• [Work item]:
Render every line of the data exactly as written, and leave out the pictures.

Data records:
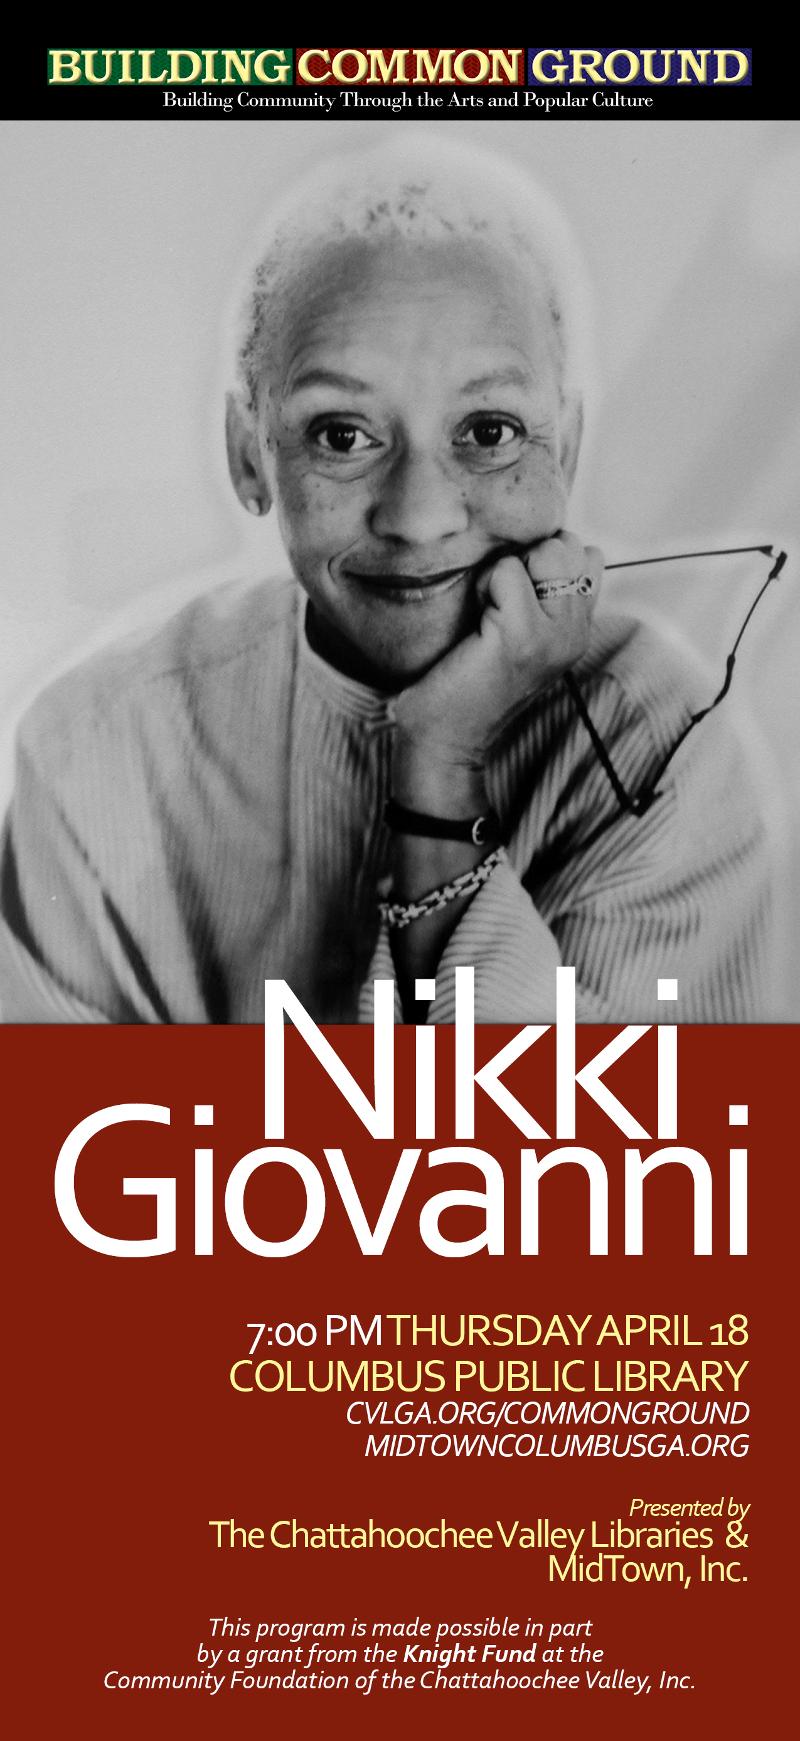 Building Common Ground Lecture Series: Community Inspired to Action Through Art w/ Nikki Giovanni
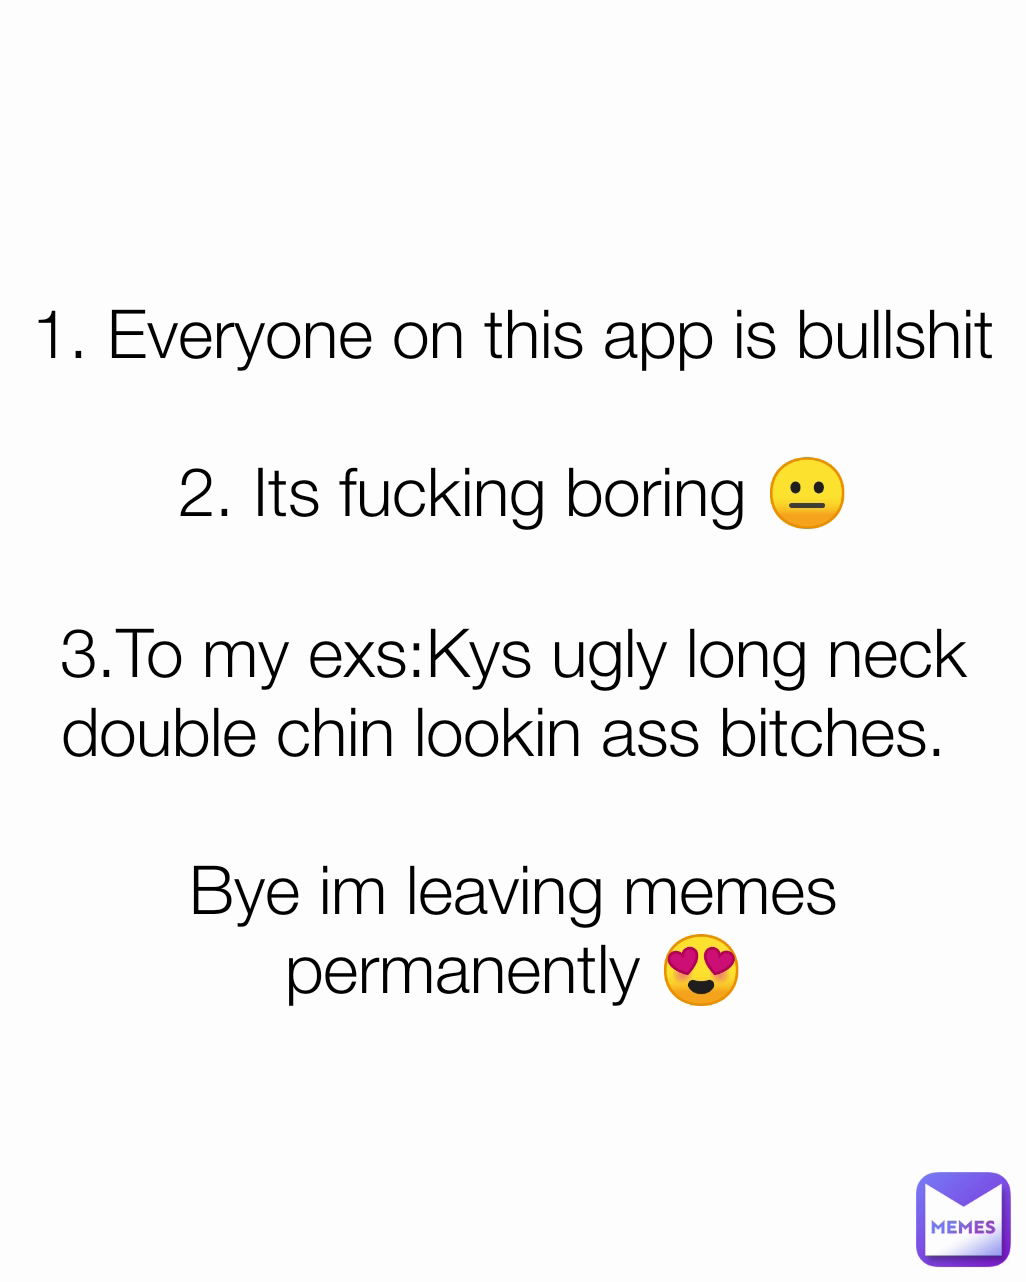 1. Everyone on this app is bullshit

2. Its fucking boring 😐

3.To my exs:Kys ugly long neck double chin lookin ass bitches. 

Bye im leaving memes permanently 😍

• [Task solution]:
 Building Common Ground Lecture Series: Community Inspired to Action Through Art w/ Nikki Giovanni
 1. Everyone on this app is bullshit

2. Its fucking boring 😐

3.To my exs:Kys ugly long neck double chin lookin ass bitches. 

Bye im leaving memes permanently 😍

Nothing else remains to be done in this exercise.